Pub: Sydney Morning Herald
Section: News and Features
Going for gold: a nation groaning with philistines
Next Monday is Davis Hughes’s birthday. You remember Davis Hughes, Sir Davis Hughes, our favourite philistine – sacked Utzon, ruined the Opera House (but not before it became postcardworthy), claimed a science degree he didn’t have, sported a world-first perfectly symmetrical comb-over and appeared in Sydney’s only ever architectural protest march as “Mephistopheles in a business suit”. Were Davis Hughes in fact the devil incarnate, and therefore immortal, he’d be 98 on Monday. So it is in his honour that this column inaugurates the annual Davis Hughes Philistine Of The Year Award.
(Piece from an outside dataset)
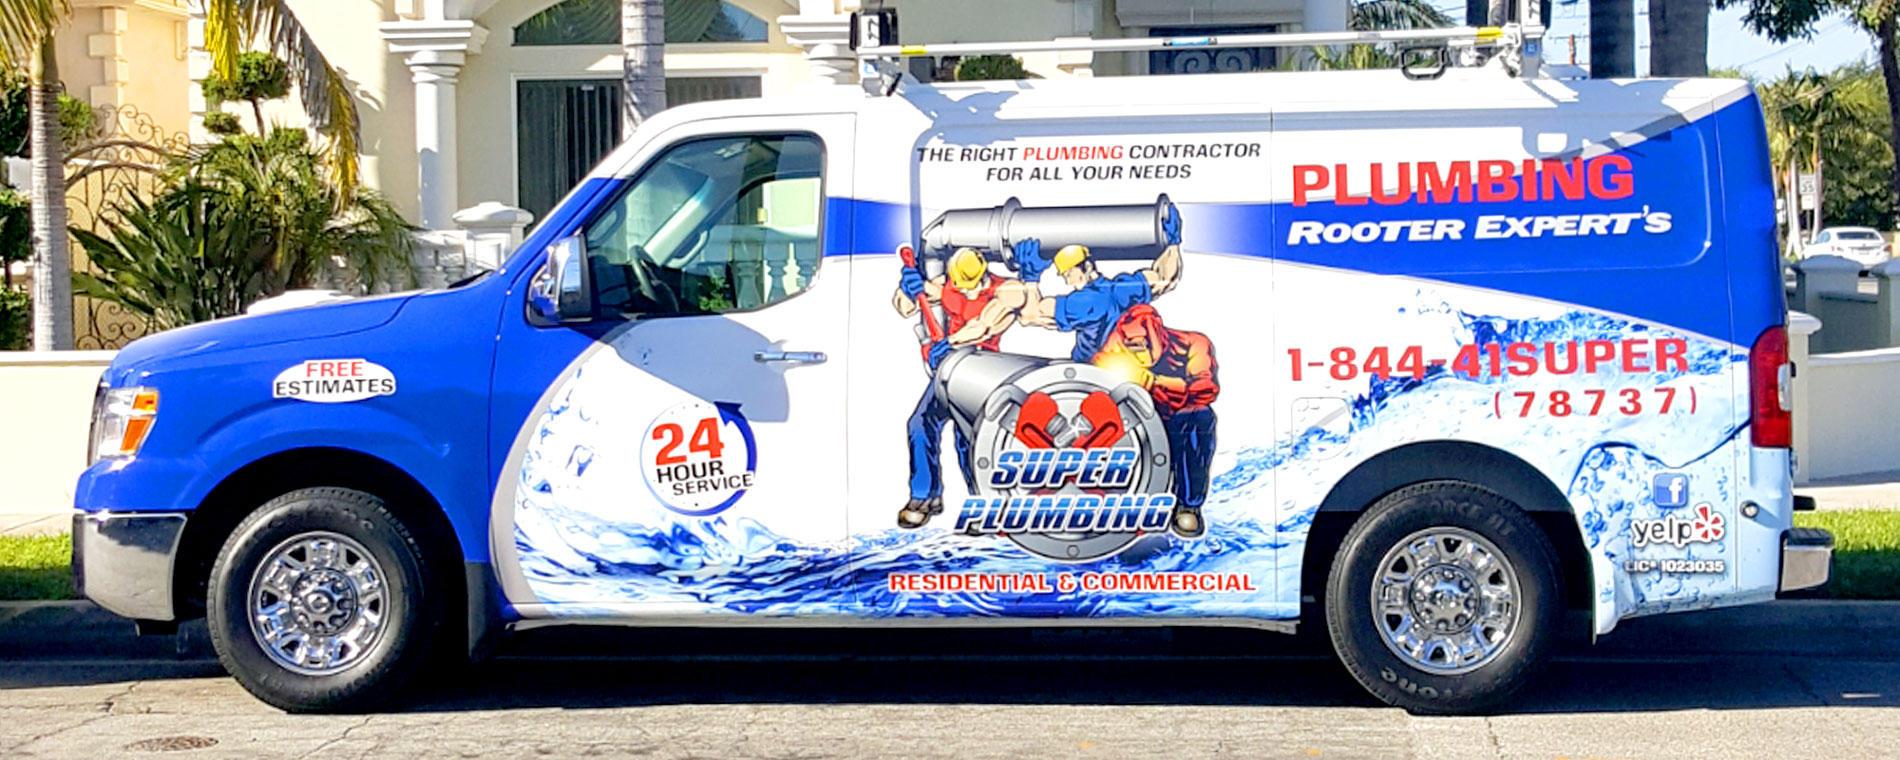 Super Plumbing

There are many contenders. Countless, depending on how many stones you turn. These include, aptly, the Sydney Opera House Trust, for that tent-of-mammon now parked permanently on its most photogenic frontage. There’s also the Sydney Cricket Ground Trust for devoting its own spare land to that new and especially tacky contribution to Moore Park Road, and then negotiating to wrest Moore Park East from Centennial Park for more – what else – car parking.
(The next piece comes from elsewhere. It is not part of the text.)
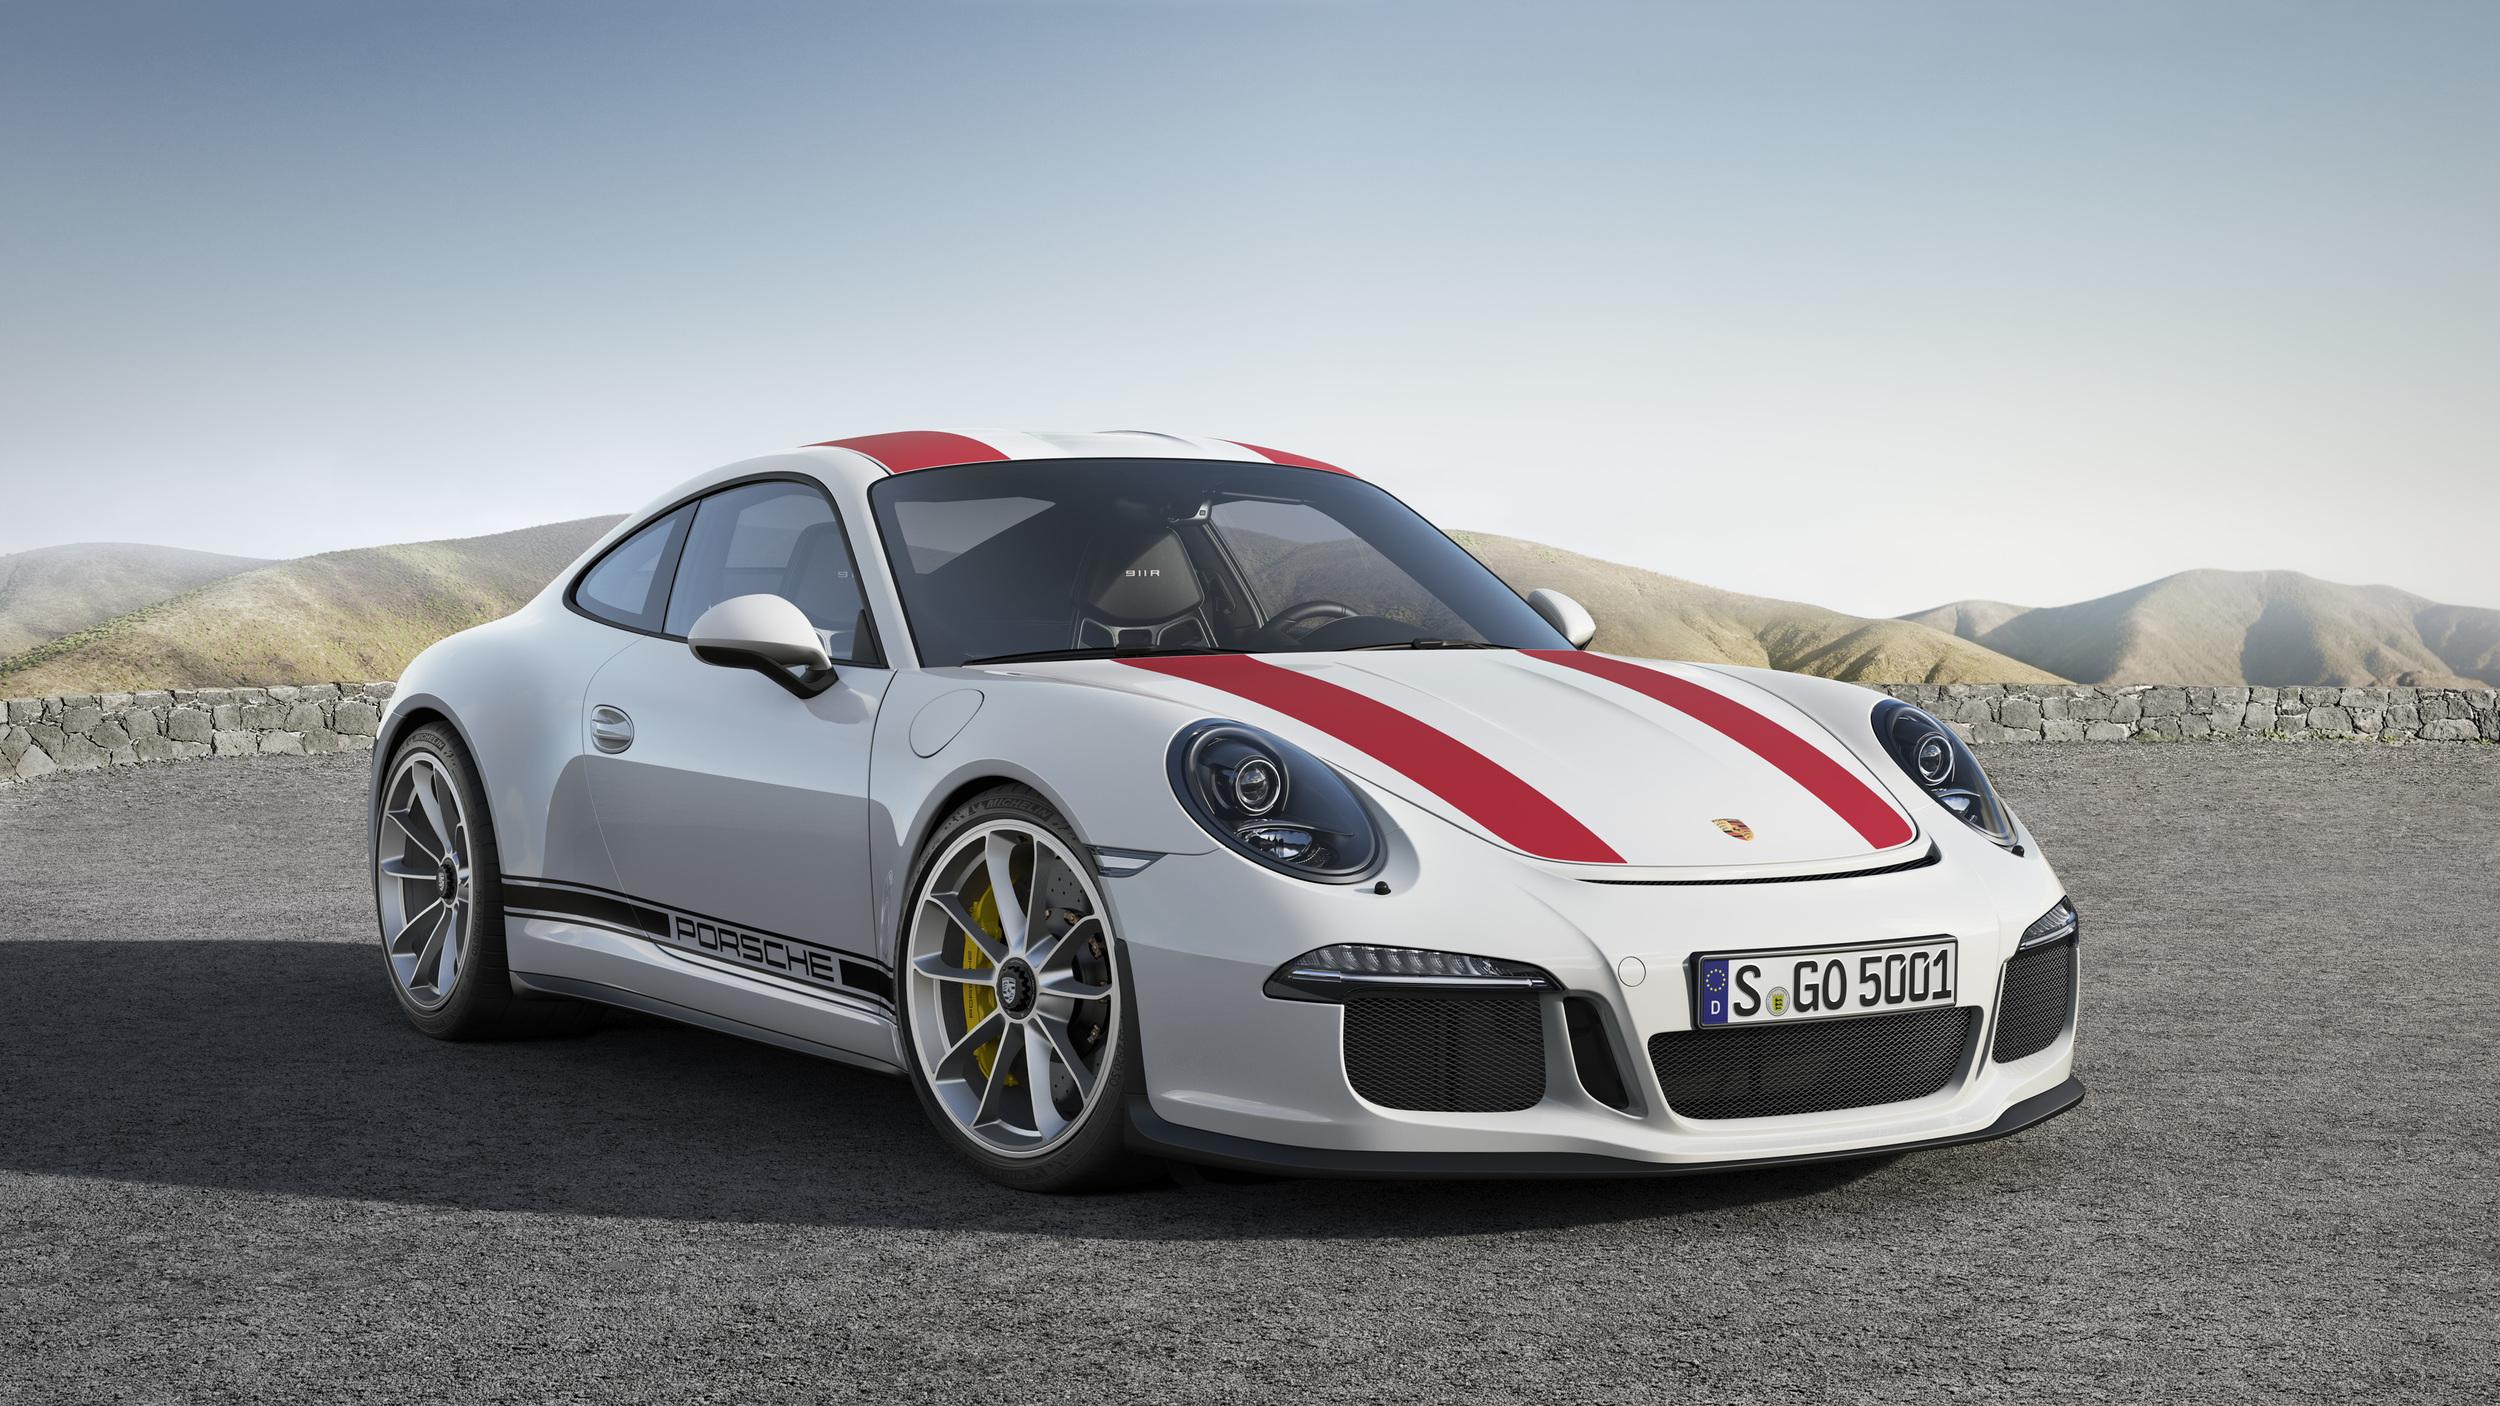 Photo Courtesy of Porsche

There’s also my own alma mater, Sydney University, for letting its new monster law faculty deprive the streaming Cleveland Street hordes of their one joyous moment, the long view of the lovely Blacket tower. And there’s Pyrmont’s Star City casino, for presuming to fix one egregious building with another.
Also figuring largely in the 2008 Philistine Awards is government, government and (naturally) government – for constantly traducing the public interest. For Currawong, Sandon Point, Catherine Hill Bay; for its rhythmic declaration and deletion of rail projects to the browning fringes; and for the wanton slaughter of the innocents at East Darling Harbour.
But more troubling still is a failure we all own. It’s the failure of taste and curiosity, as much as compassion, represented by the ratings for SBS’s truly remarkable First Australians series; ratings that can only be described as woeful.
Aired intensively over three weeks, as engaging as Ken Burns’s famous Civil War and hyped, you’d have to say, to buggery, this Phillip-to-Mabo saga should be examinable for all children and all citizens. But it was watched by less than 2 per cent of the population; fewer than are nominally Aboriginal.
Why? We know that indigenous art is treated more seriously in Europe than here. But white artists, too, are often more successful abroad, even if they live here – so is it simply a kind of inverse parochialism that makes us overlook our own? Or is it something deeper?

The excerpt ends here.